▶ **THE PROBLEM**
In your copy, leave out the pictures and output only the lines from the one holding "暗髪女子 セミロング アディクシーカラー 暗髪 ヘアスタイルや髪型の写真・画像" through the end of the data below, exactly.

▶ **INFORMATION SHOWN**
··········

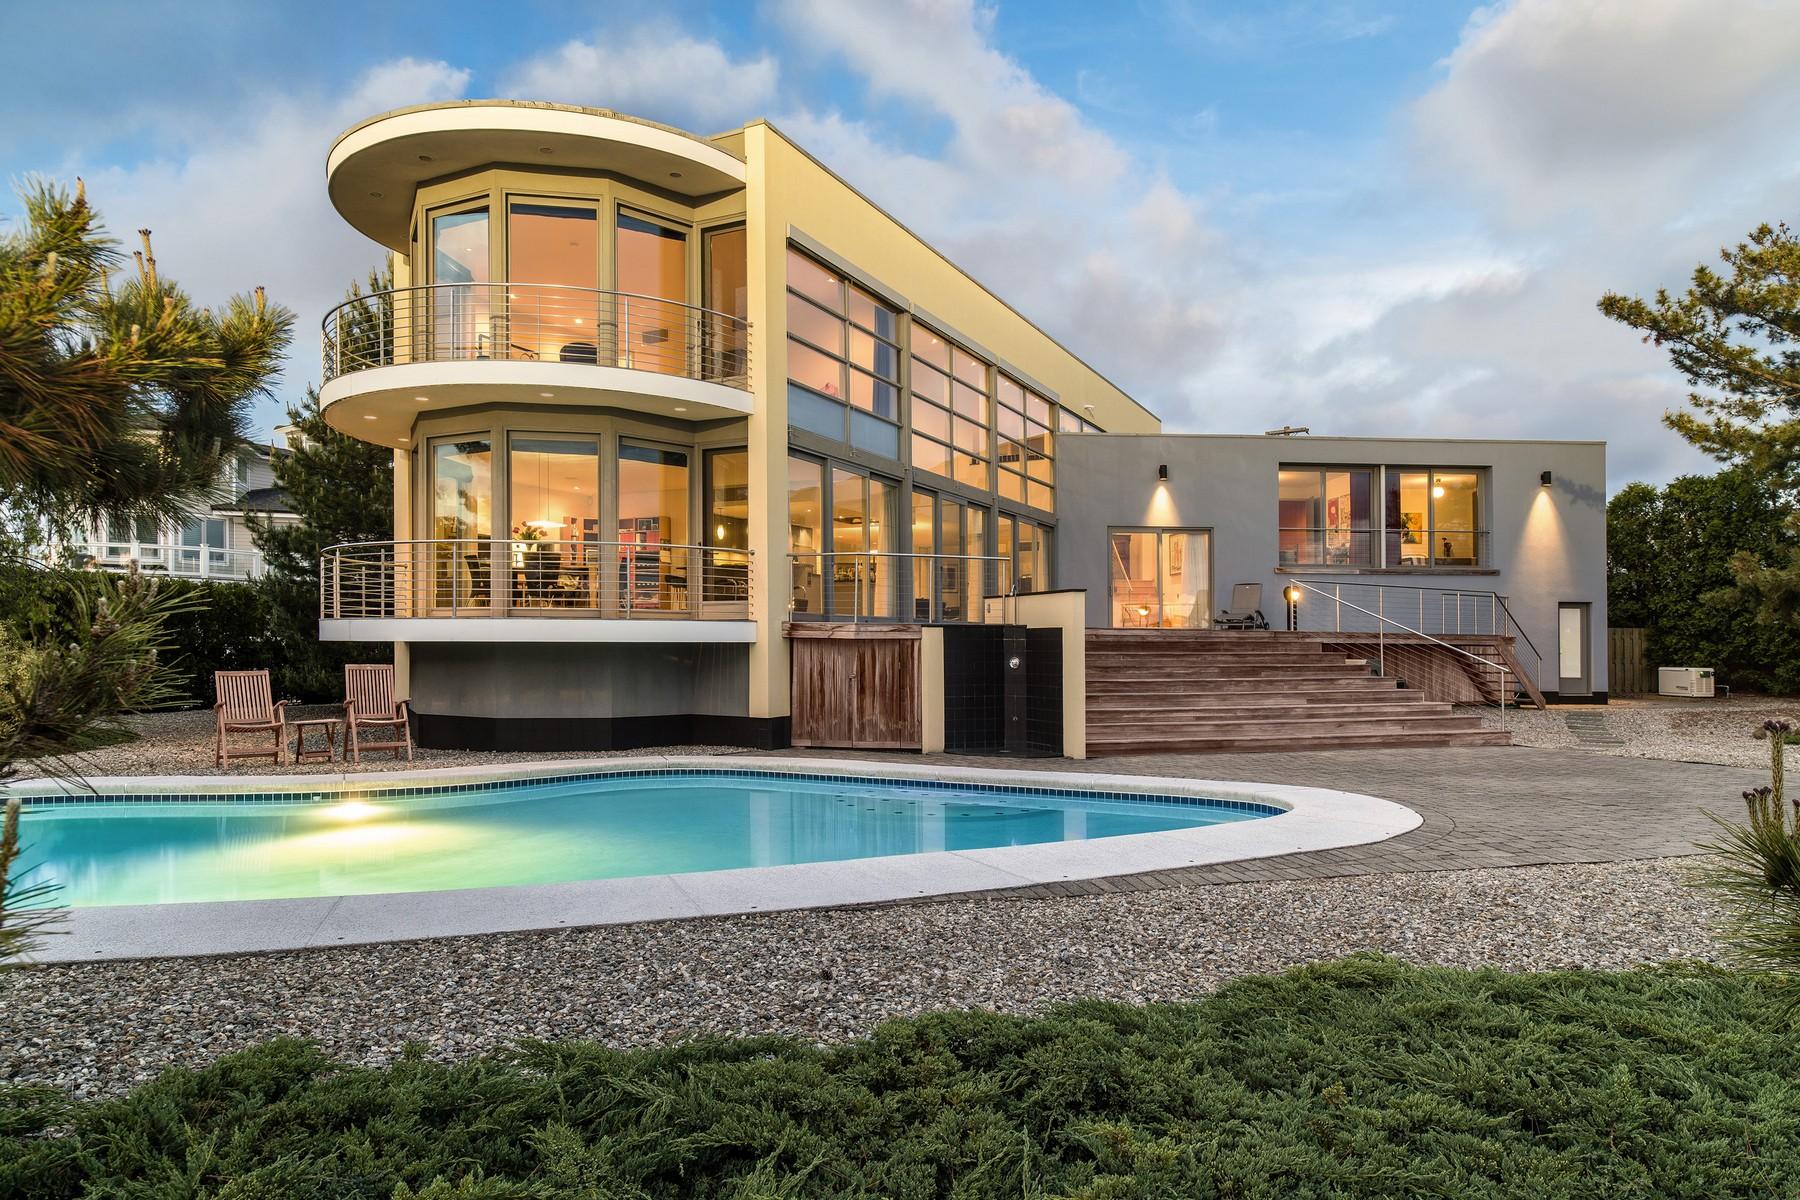 Casa Unifamiliar por un Venta en A Magical Waterfront Location 56 Captains Dr Westbrook, Connecticut 06498 Estados Unidos
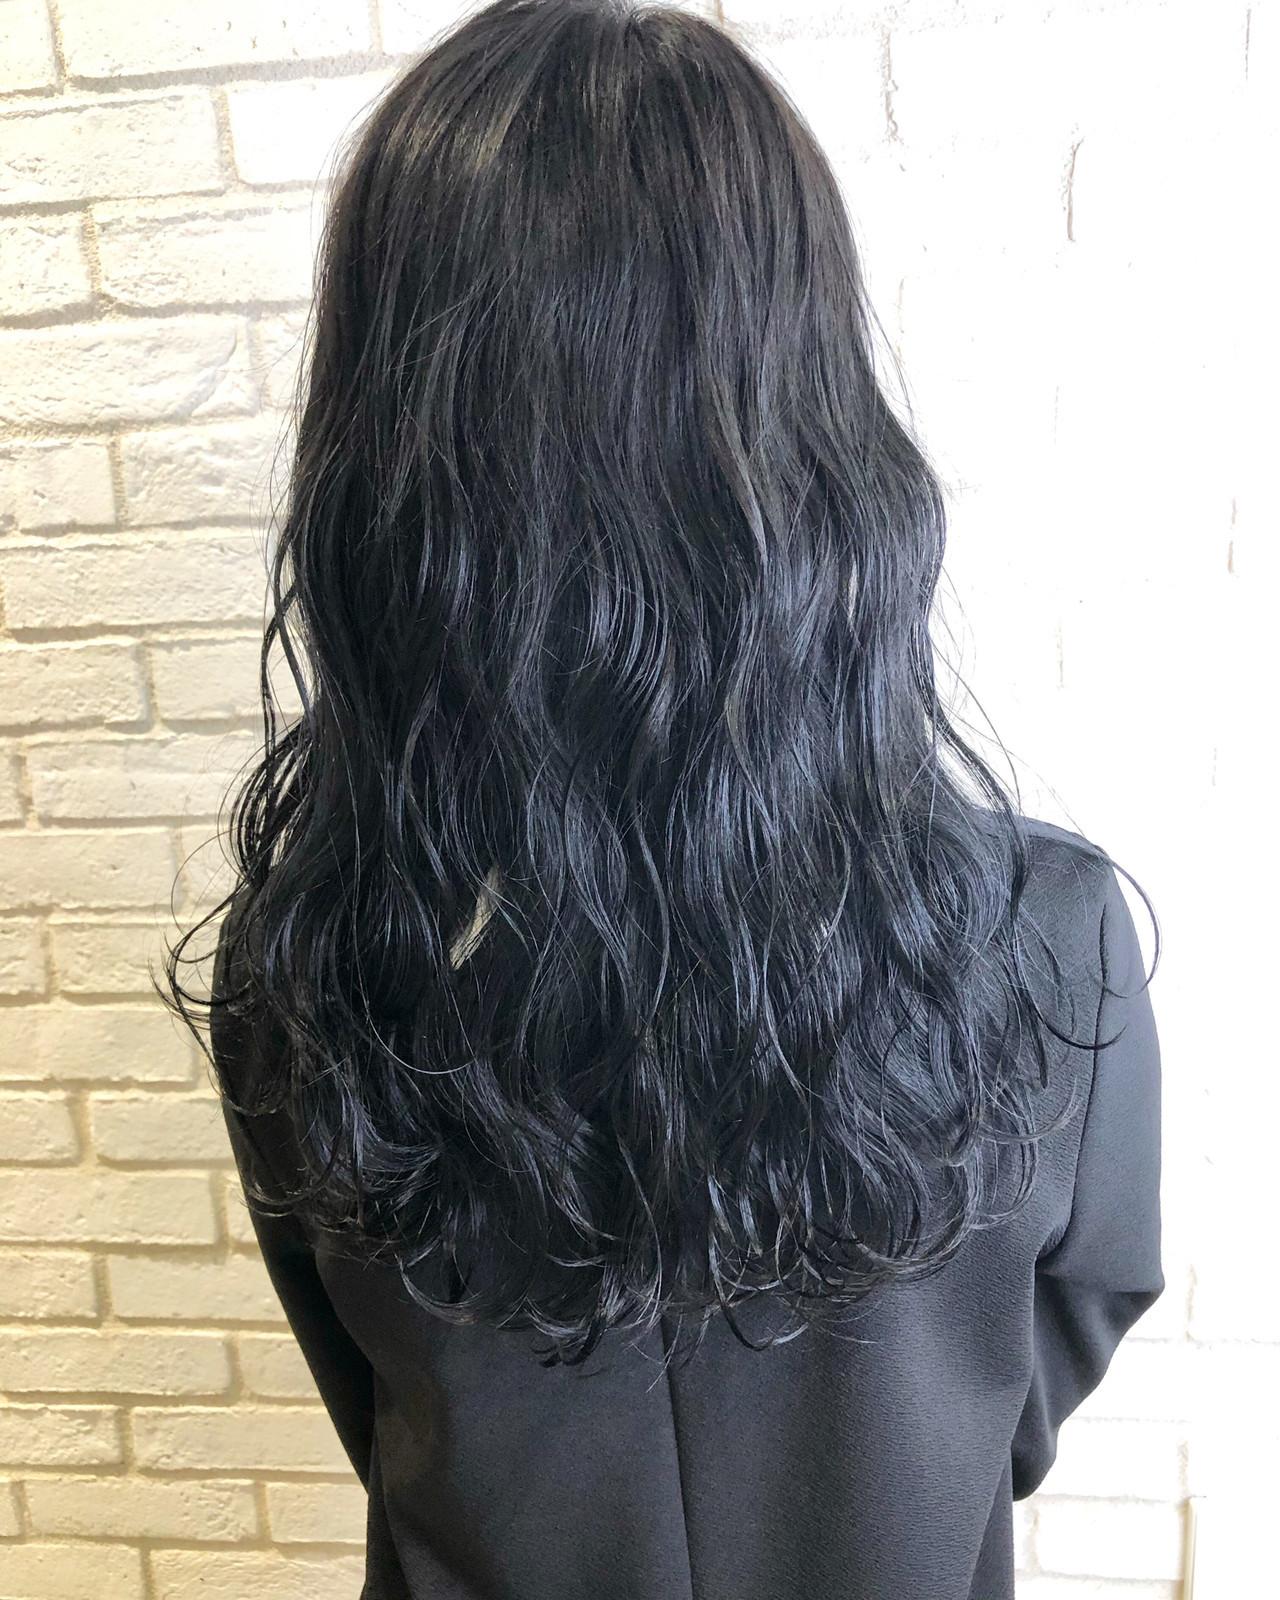 暗髪女子 セミロング アディクシーカラー 暗髪 ヘアスタイルや髪型の写真・画像
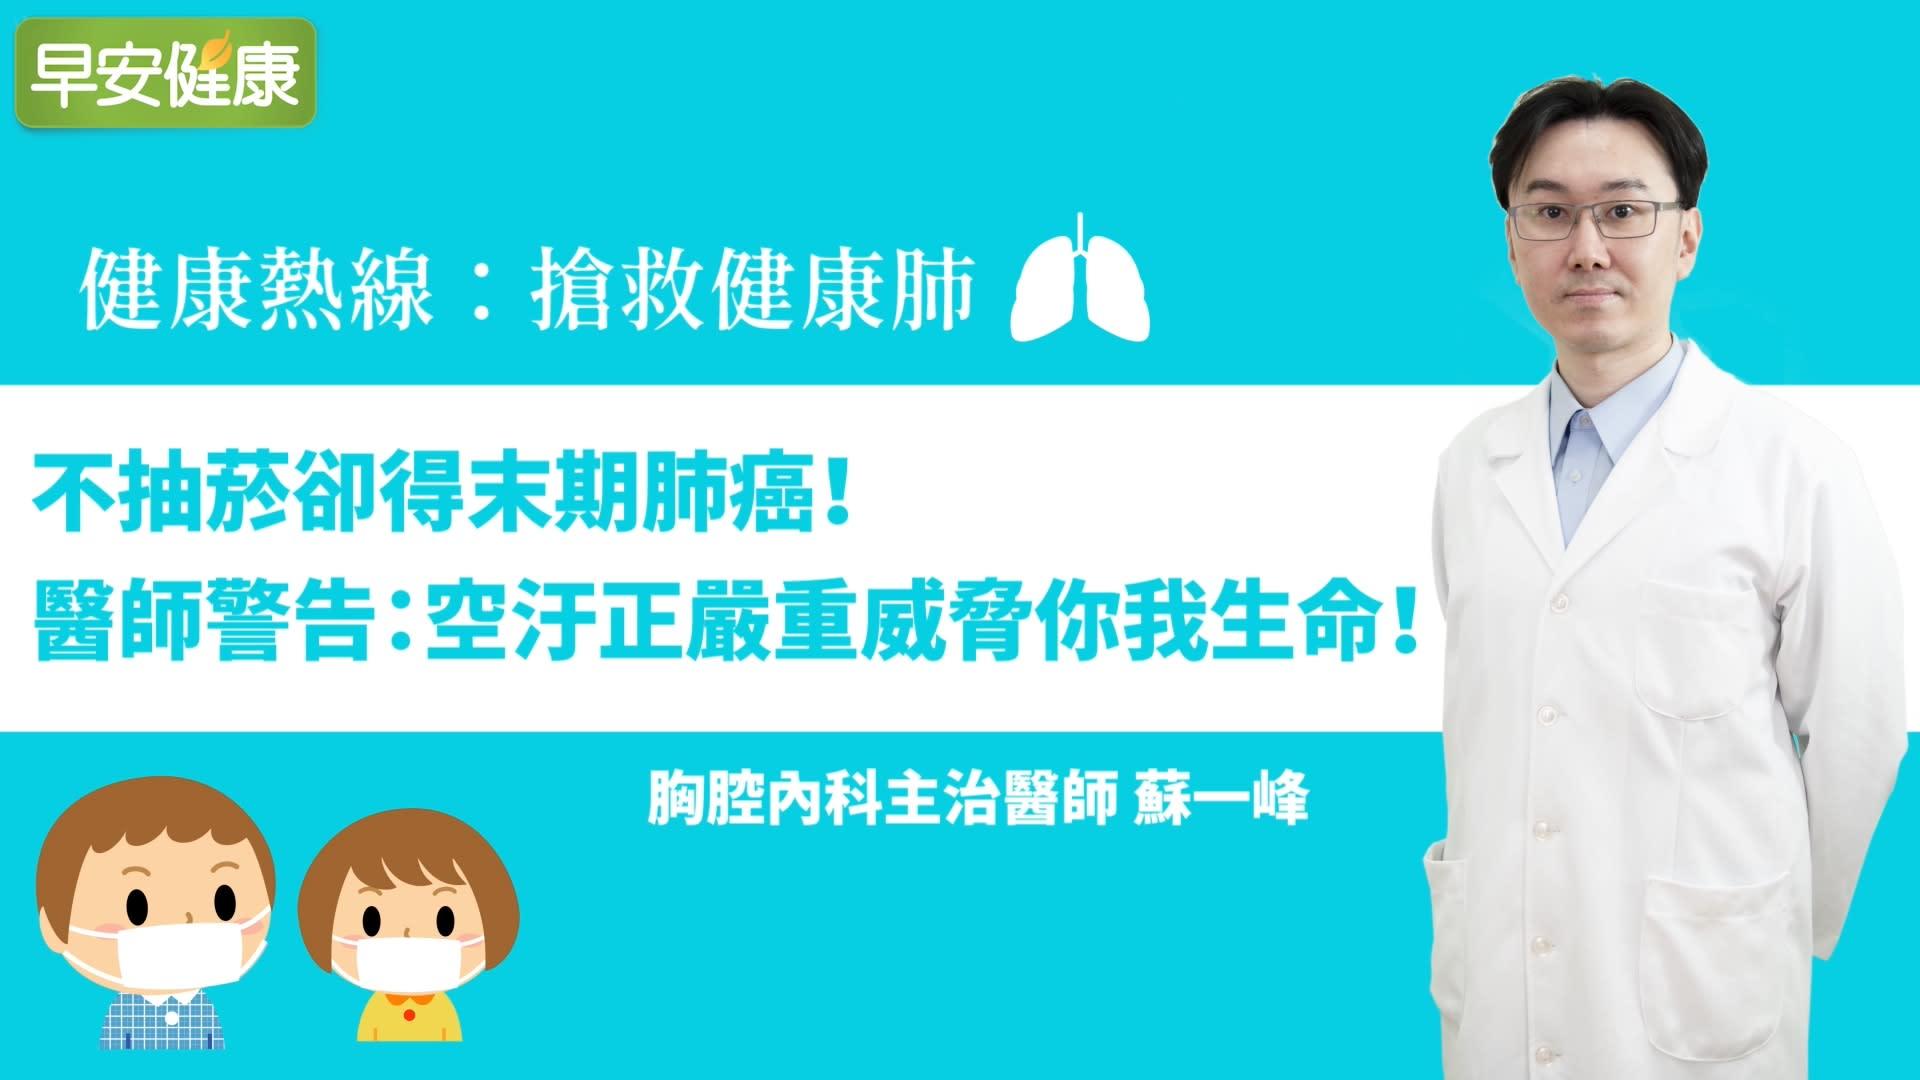 不抽菸卻得末期肺癌!醫師警告:空汙正嚴重威脅你我生命!【早安健康】

··········

▶ **SOLUTION FOR THIS TASK**
 暗髪女子 セミロング アディクシーカラー 暗髪 ヘアスタイルや髪型の写真・画像
 不抽菸卻得末期肺癌!醫師警告:空汙正嚴重威脅你我生命!【早安健康】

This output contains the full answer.